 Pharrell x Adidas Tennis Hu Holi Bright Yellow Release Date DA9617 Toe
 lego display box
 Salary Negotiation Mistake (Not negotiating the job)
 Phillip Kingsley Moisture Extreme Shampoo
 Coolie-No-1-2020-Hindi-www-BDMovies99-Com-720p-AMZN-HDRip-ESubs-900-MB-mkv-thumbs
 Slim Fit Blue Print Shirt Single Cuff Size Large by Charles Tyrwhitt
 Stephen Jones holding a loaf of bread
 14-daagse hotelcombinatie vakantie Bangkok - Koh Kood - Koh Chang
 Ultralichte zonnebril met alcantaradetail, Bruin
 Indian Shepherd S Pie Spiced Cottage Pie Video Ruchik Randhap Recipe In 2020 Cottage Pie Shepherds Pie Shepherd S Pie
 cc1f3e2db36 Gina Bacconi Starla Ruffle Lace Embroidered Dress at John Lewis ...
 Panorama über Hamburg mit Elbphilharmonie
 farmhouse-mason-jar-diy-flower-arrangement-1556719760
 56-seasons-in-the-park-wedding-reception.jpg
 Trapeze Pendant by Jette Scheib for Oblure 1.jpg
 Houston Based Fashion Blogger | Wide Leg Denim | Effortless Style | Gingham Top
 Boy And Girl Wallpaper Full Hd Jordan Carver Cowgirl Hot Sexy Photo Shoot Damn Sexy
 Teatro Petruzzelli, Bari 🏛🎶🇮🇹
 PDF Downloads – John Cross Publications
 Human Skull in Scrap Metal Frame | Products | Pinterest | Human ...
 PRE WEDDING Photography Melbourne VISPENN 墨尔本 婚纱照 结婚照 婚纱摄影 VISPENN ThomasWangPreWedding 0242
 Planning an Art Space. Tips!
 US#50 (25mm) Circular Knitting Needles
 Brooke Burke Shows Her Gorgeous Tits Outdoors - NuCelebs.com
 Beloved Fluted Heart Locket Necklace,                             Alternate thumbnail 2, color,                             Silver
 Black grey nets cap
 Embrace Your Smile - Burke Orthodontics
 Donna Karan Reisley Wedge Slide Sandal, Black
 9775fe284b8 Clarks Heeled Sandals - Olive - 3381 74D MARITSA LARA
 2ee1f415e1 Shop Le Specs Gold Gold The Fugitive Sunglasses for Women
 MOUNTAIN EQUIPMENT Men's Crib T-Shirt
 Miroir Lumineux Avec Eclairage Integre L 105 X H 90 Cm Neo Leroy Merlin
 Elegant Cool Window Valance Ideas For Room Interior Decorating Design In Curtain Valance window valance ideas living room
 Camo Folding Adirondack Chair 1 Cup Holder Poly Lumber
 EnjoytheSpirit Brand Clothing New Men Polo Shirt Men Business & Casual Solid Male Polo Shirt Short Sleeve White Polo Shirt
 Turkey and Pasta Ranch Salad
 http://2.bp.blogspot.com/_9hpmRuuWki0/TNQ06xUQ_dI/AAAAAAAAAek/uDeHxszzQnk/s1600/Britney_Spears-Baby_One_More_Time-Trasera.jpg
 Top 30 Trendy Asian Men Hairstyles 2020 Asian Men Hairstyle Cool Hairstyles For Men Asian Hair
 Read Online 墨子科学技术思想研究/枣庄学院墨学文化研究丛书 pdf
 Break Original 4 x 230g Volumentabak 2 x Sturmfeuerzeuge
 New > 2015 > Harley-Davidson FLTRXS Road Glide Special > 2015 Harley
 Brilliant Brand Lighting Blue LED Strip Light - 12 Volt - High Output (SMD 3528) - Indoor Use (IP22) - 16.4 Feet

What is needed → Could you retype all of the entries, leaving every character unchanged?

Result of this task →
 Pharrell x Adidas Tennis Hu Holi Bright Yellow Release Date DA9617 Toe
 lego display box
 Salary Negotiation Mistake (Not negotiating the job)
 Phillip Kingsley Moisture Extreme Shampoo
 Coolie-No-1-2020-Hindi-www-BDMovies99-Com-720p-AMZN-HDRip-ESubs-900-MB-mkv-thumbs
 Slim Fit Blue Print Shirt Single Cuff Size Large by Charles Tyrwhitt
 Stephen Jones holding a loaf of bread
 14-daagse hotelcombinatie vakantie Bangkok - Koh Kood - Koh Chang
 Ultralichte zonnebril met alcantaradetail, Bruin
 Indian Shepherd S Pie Spiced Cottage Pie Video Ruchik Randhap Recipe In 2020 Cottage Pie Shepherds Pie Shepherd S Pie
 cc1f3e2db36 Gina Bacconi Starla Ruffle Lace Embroidered Dress at John Lewis ...
 Panorama über Hamburg mit Elbphilharmonie
 farmhouse-mason-jar-diy-flower-arrangement-1556719760
 56-seasons-in-the-park-wedding-reception.jpg
 Trapeze Pendant by Jette Scheib for Oblure 1.jpg
 Houston Based Fashion Blogger | Wide Leg Denim | Effortless Style | Gingham Top
 Boy And Girl Wallpaper Full Hd Jordan Carver Cowgirl Hot Sexy Photo Shoot Damn Sexy
 Teatro Petruzzelli, Bari 🏛🎶🇮🇹
 PDF Downloads – John Cross Publications
 Human Skull in Scrap Metal Frame | Products | Pinterest | Human ...
 PRE WEDDING Photography Melbourne VISPENN 墨尔本 婚纱照 结婚照 婚纱摄影 VISPENN ThomasWangPreWedding 0242
 Planning an Art Space. Tips!
 US#50 (25mm) Circular Knitting Needles
 Brooke Burke Shows Her Gorgeous Tits Outdoors - NuCelebs.com
 Beloved Fluted Heart Locket Necklace,                             Alternate thumbnail 2, color,                             Silver
 Black grey nets cap
 Embrace Your Smile - Burke Orthodontics
 Donna Karan Reisley Wedge Slide Sandal, Black
 9775fe284b8 Clarks Heeled Sandals - Olive - 3381 74D MARITSA LARA
 2ee1f415e1 Shop Le Specs Gold Gold The Fugitive Sunglasses for Women
 MOUNTAIN EQUIPMENT Men's Crib T-Shirt
 Miroir Lumineux Avec Eclairage Integre L 105 X H 90 Cm Neo Leroy Merlin
 Elegant Cool Window Valance Ideas For Room Interior Decorating Design In Curtain Valance window valance ideas living room
 Camo Folding Adirondack Chair 1 Cup Holder Poly Lumber
 EnjoytheSpirit Brand Clothing New Men Polo Shirt Men Business & Casual Solid Male Polo Shirt Short Sleeve White Polo Shirt
 Turkey and Pasta Ranch Salad
 http://2.bp.blogspot.com/_9hpmRuuWki0/TNQ06xUQ_dI/AAAAAAAAAek/uDeHxszzQnk/s1600/Britney_Spears-Baby_One_More_Time-Trasera.jpg
 Top 30 Trendy Asian Men Hairstyles 2020 Asian Men Hairstyle Cool Hairstyles For Men Asian Hair
 Read Online 墨子科学技术思想研究/枣庄学院墨学文化研究丛书 pdf
 Break Original 4 x 230g Volumentabak 2 x Sturmfeuerzeuge
 New > 2015 > Harley-Davidson FLTRXS Road Glide Special > 2015 Harley
 Brilliant Brand Lighting Blue LED Strip Light - 12 Volt - High Output (SMD 3528) - Indoor Use (IP22) - 16.4 Feet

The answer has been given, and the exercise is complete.